Петр Сабанский шепнул Василию Былину:
— Поворачивайте обратно!
И Михаилу Яроцкому:
— Покуда Бунаков не даст людей для охраны, из тюрьмы не пойдем!
Арестанты развернулись и бегом кинулись к тюремной избе под возгласы толпы.
Трифон Татаринов закрыл ворота, и толпа стала расходиться.
Через день, в 18-й день февраля, у обедни, опять же в Воскресенской церкви, дьяк Ключарев встретился с Бунаковым.
— Илья Микитович, открывай съезжую избу, мне к делам приступать давно пора! Изба же стоит не топлена… Будет нам за то всем опала от государя!
— Ну так приходи и работай в новой приказной избе у Халдея!
— То не по государеву указу!
— Ладно, пойдем открою! — неожиданно для Ключарева согласился Бунаков.
Они вышли из церкви, надели шапки и двинулись к запечатанной съезжей избе. На полпути дорогу им перегородили десятка два казаков, впереди которых были Остафий Ляпа, Филипп Едловский, Иван Чернояр, Иван Тарский, Тихон Хромой, Степан Куркин и Степан Бурундук.

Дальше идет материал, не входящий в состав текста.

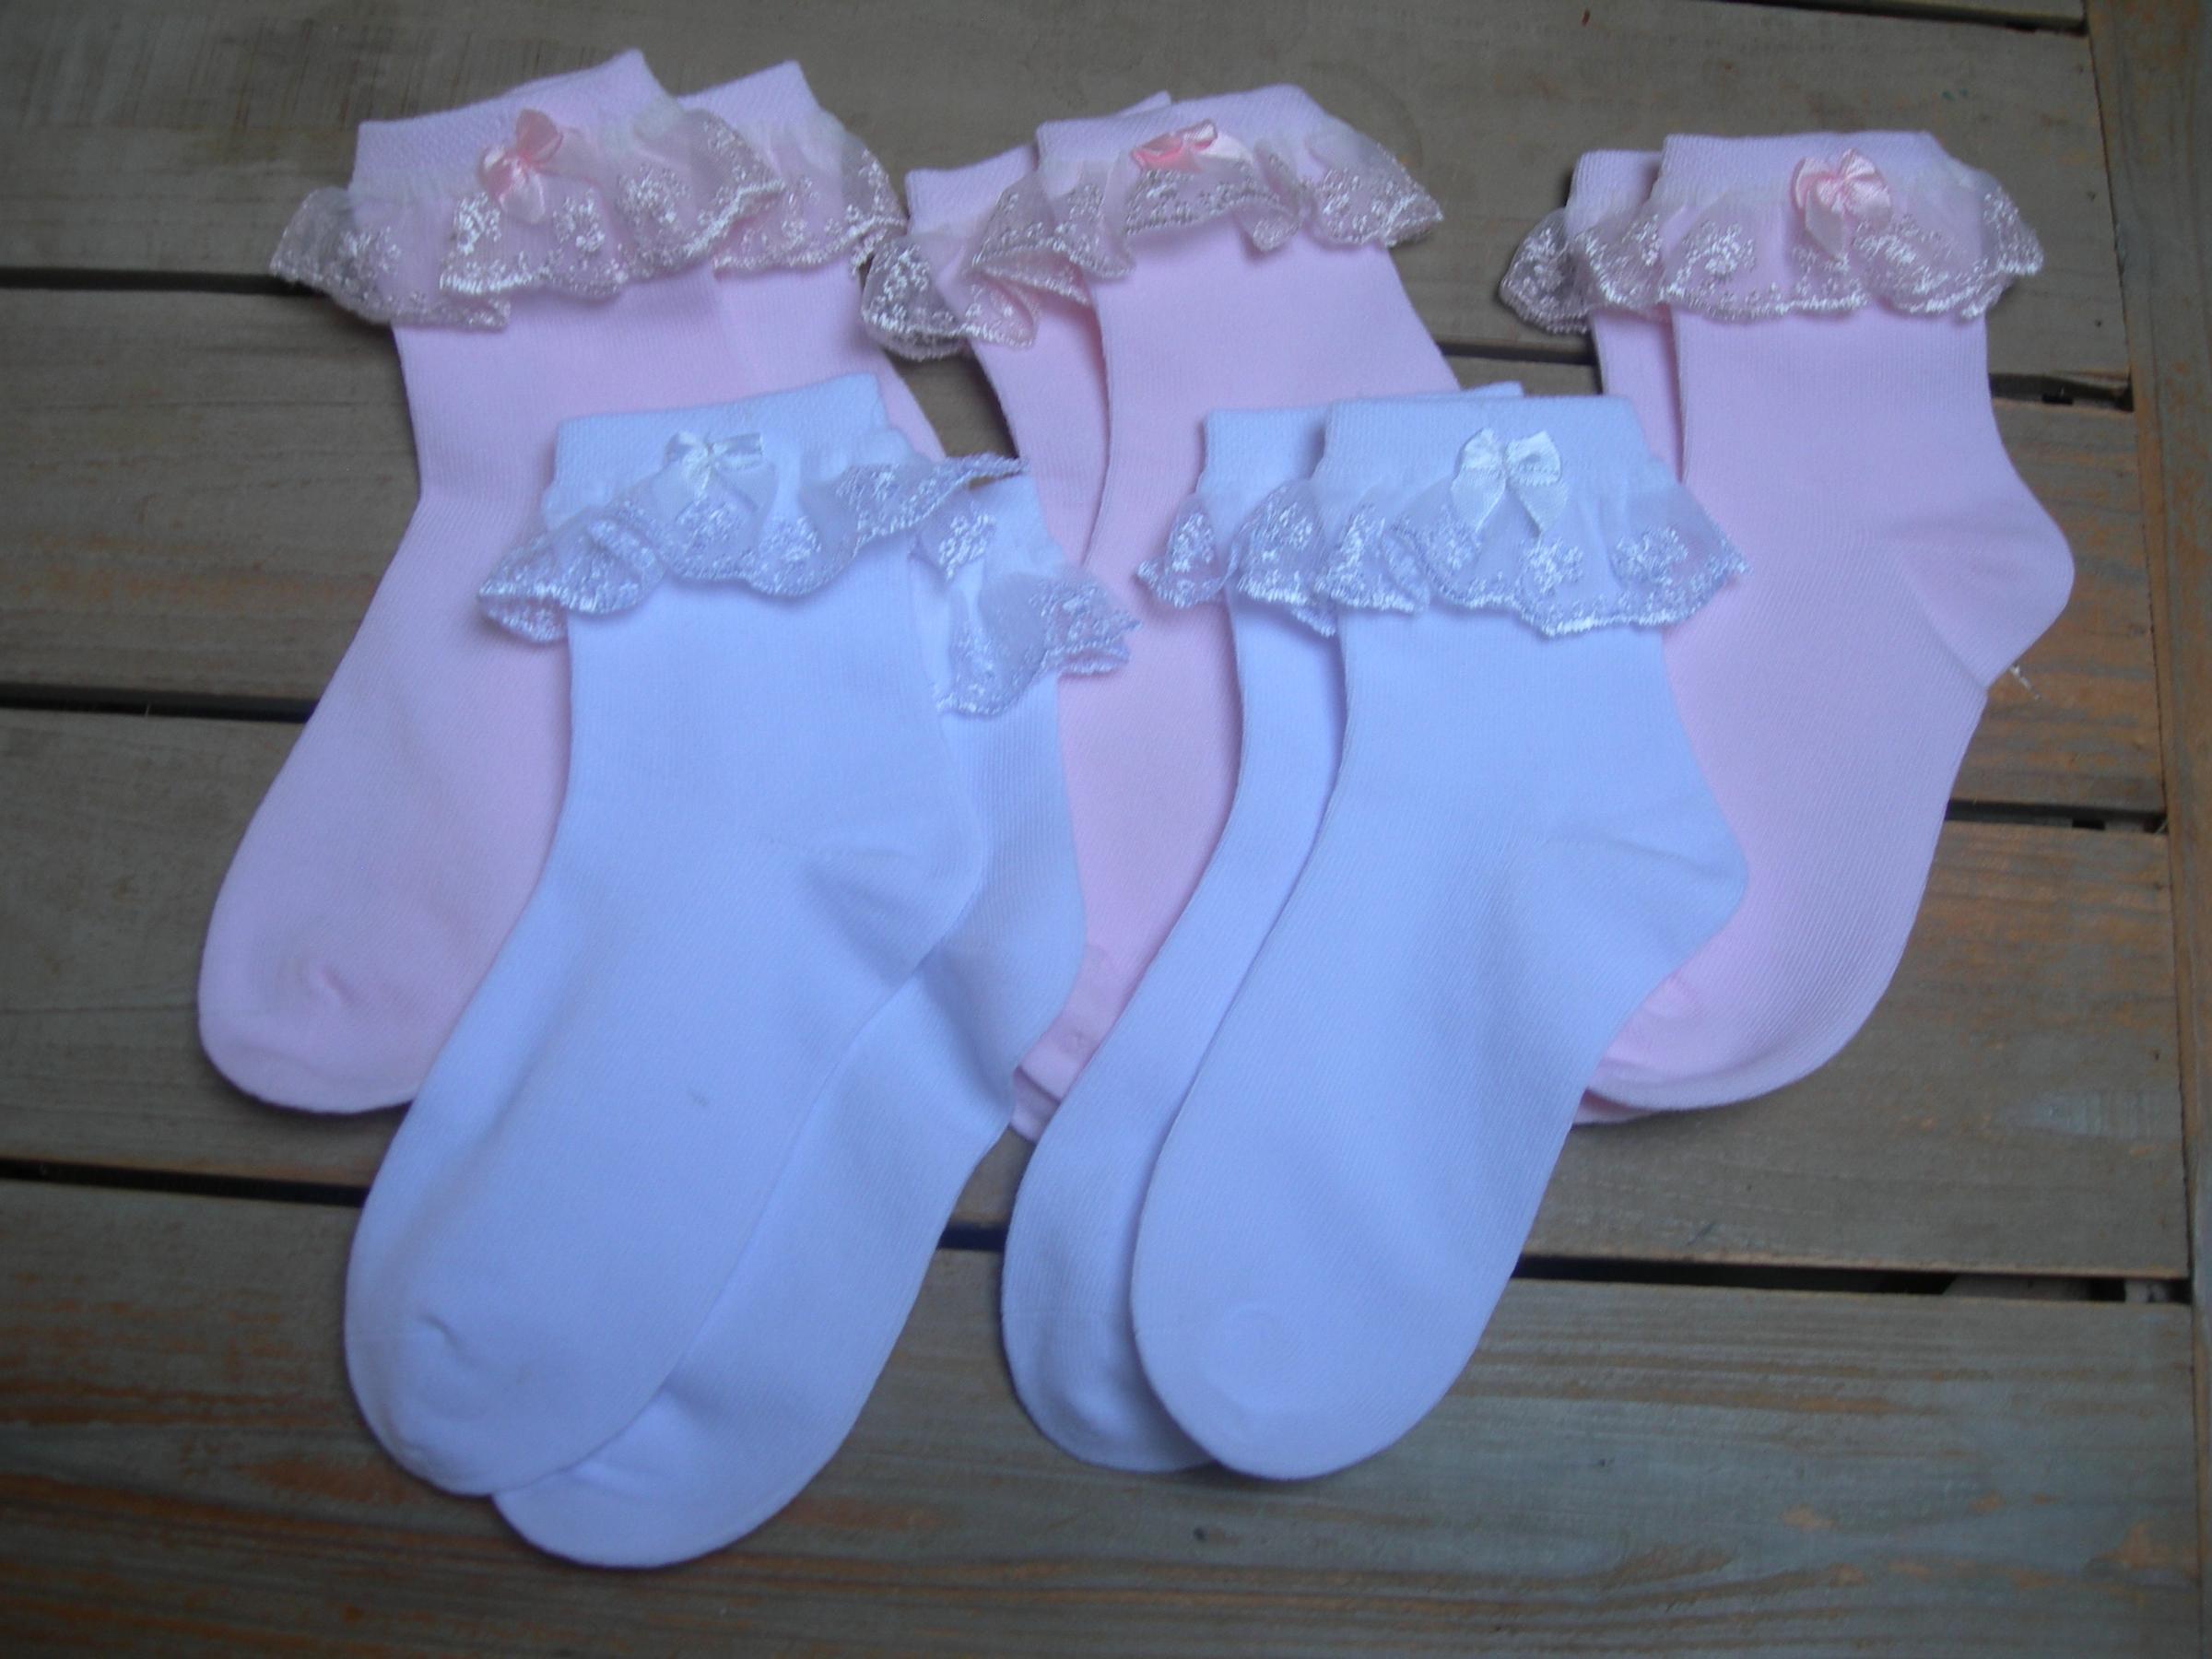 Magnifiques chaussettes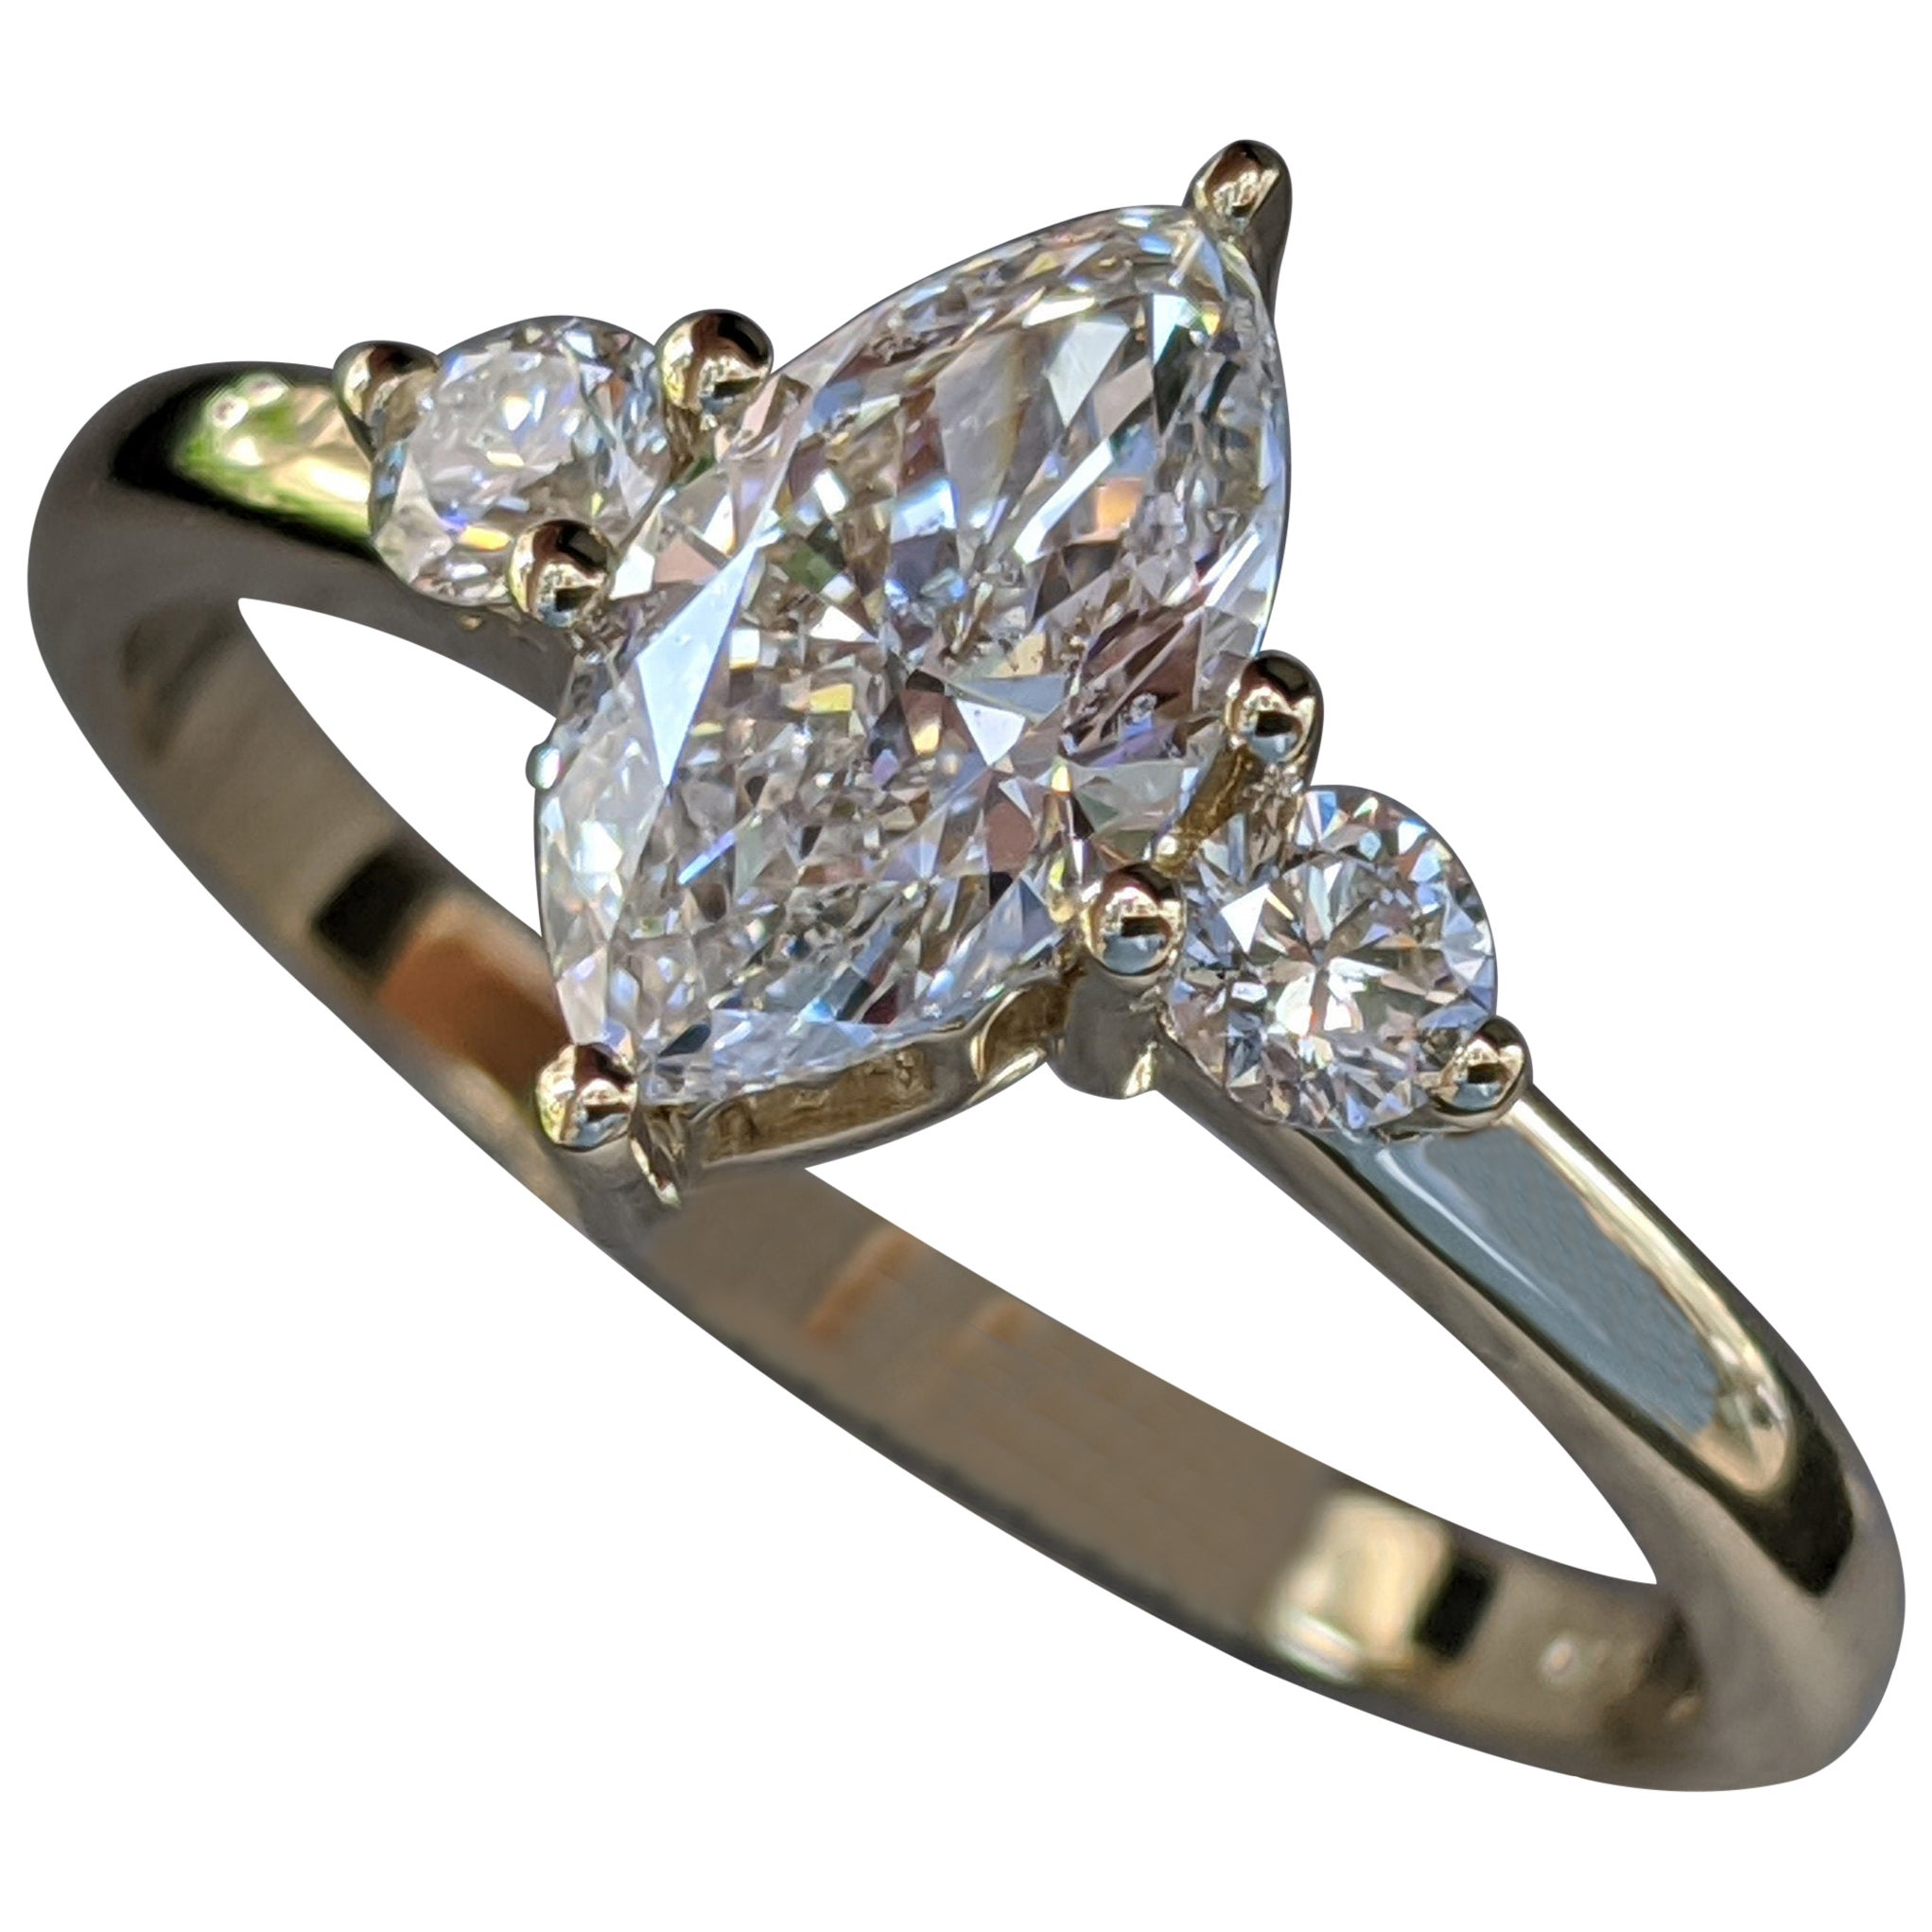 1 Carat 14 Karat Yellow Gold Marquise Diamond Engagement Ring

— Далеко направились? — ухмыльнулся Ляпа.
— Приказную избу открывать, как надлежит делать по государеву указу! — настороженно ответил Ключарев.
— Приказная изба в другой стороне! — махнул рукой Ляпа в сторону дома Халдея.
— Сиди в этой избе! — сказал Ляпа.
— В воровской избе не сяду! — вырвалось у Ключарева, и он тут же пожалел об этом.
— Ах ты, падла вонючая, стало быть, мы воры! — подскочил к нему Иван Чернояр и дернул за бороду так, что от боли Ключарев взвизгнул.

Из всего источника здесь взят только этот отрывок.